とはいえ、このおじさんも『8番出口』を代表する要素のひとつ。そのおじさんと触れ合うことができるようになったというのは、おじさん愛好家の皆さんにとってはこれ以上なく嬉しい新要素となるでしょう。おじさんのスマホの画面がバキバキにならないことを祈るばかりです。
また、手を使うことでいろいろとプレイヤーの感情を表すこともできるので、配信との相性はかなり良さそうです。
今回の『8番出口VR』をプレイする前に、筆者は原作『8番出口』の異変はすべて見つけ、完全クリアをした状態で「VR版」へ挑みました。しかし、それでもVR版には新鮮味があり、ゲーム中の仕掛けや異変を知っていても「怖い」と思えます。それだけVRの臨場感はすさまじく、同時に本作との相性の良さも感じさせられる体験でした。
また、プレイする際の注意点として……座って本作を遊ぶと「おじさんがかなり大きく見えてしまう」ので、これを「異変」と見間違えないように注意しましょう。
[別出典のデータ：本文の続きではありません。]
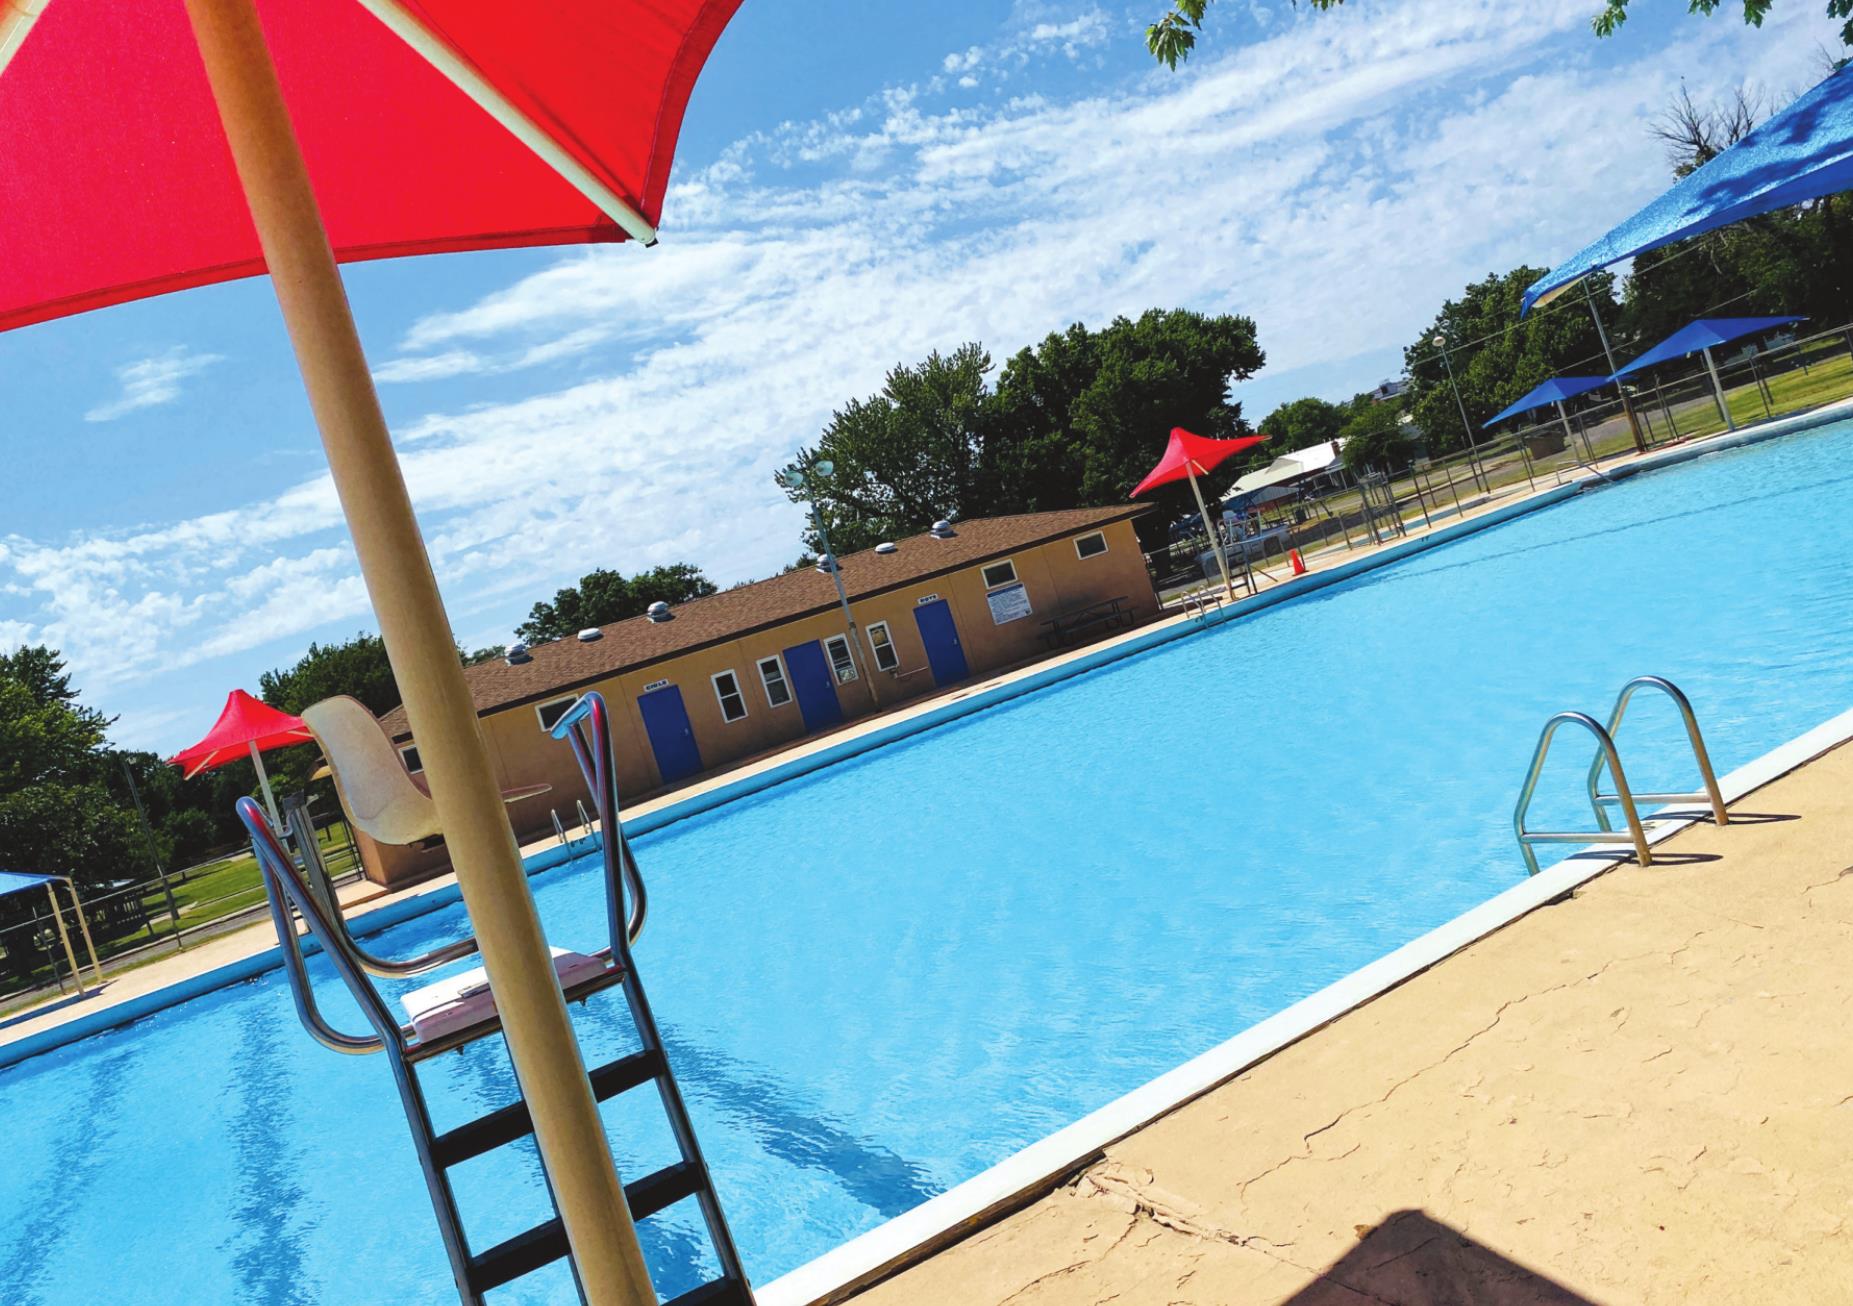 The Weatherford City Pool opens July 4 for the first time this year.

筆者は何回か騙されました。
『8番出口VR』はMeta Storeにて、Meta Quest 3、Meta Quest Pro、Meta Quest 2向けに7月12日(金)発売、価格は税込690円です。大人気作『8番出口』がどんな進化を遂げたのか、気になる方はぜひ本作に触れてみてください。